Tuesday, April 20, 2021

Hope Blooms Bright

 


Every year, my family and I trek into the city to spend a few moments walking in the sea of white blossoms at the Tidal Basin in Washington DC.  After 9 years, it’s an experience filled with family traditions to celebrate the coming of spring.  With ongoing restrictions, I knew this year was going to be different so I had to get creative.
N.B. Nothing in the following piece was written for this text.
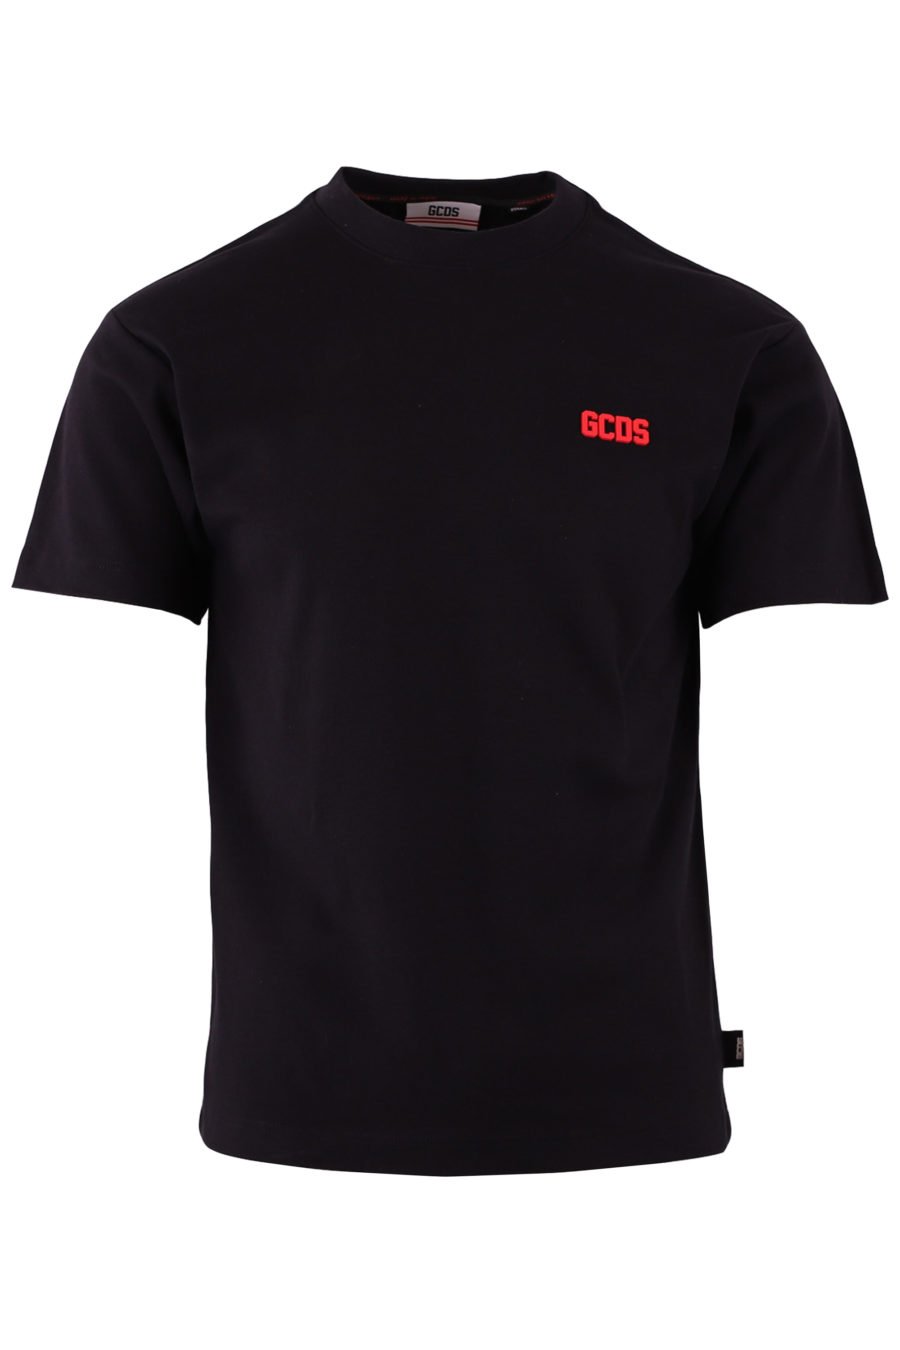 T-shirt preta com pequeno logótipo vermelho - 543367961929d01cca0f1a67b35b61b1de57be27

In February, I saw an advertisement for the Petal Porch Parade.  The National Cherry Blossom Festival was encouraging residents to decorate their porches to celebrate the season.  Even with a busy life, including supporting virtual learning, I knew I wanted to participate.  I could not find any options online to purchase so I looked for materials and designed the pattern myself.  The idea started small with a couple of flowers and kept growing.  Each petal was made by hand out of vinyl tablecloths.  With a little ingenuity, the flowers took shape and grew from a couple to over fifty.  It was joyful to do something completely unnecessary and create an over the top display. 

The display is called “Hope Blooms Bright,” and that’s exactly what I hope our community will feel when they see it.  People have been stopping by all week to talk about the colorful flowers.  Our home is on the official Petal Porch Parade map, joining other cherry blossom enthusiasts in the region.  

It has not been the easiest year but despite it all, spring comes again and the blossoms bloom.  Traditions may look different, but hope continues if we get creative. 

Sunday, December 27, 2020

2020 Christmas Letter

 

Hello Friends and Family,

I send you warm holiday greetings and a hug from afar.  Well, 2020 is coming to a close.  We’ve faced hard things and learned to seek out hope in the darkest of times. 

This was the year of staying home, all the cancelled plans and social distancing.  It led us to appreciating the little things like a trip to the library for new books or picking up popcorn for movie night.  We became masters of wearing masks and washing our hands, even little Austin. 

The highlights of our year have been family bike rides, tent camping in the backyard and hanging out with the families in our bubble.  We planted flowers, decorated for all the holidays and tried to stay sane.  It has not been the year we expected but we made it through.  I was more grateful for our home and tree filled yard than ever before.  We have worked hard these past six years to make it a comfortable space and it has been a refuge.  Heber and I celebrated our 15th anniversary.    

Gentri became a virtual learning supporter.  Really, what else did I have time for? I did my best to make our home a safe and comfortable place.  I cooked the meals, put together the crafts and tried to keep everyone entertained.  I got contacts for the first time so I didn’t have to have foggy glasses.  In July, I taught two online marketing webinars.  My glass jewelry Etsy shop, GentriCreates, had its best year yet.  Working on the torch helped me to manage all the hard things.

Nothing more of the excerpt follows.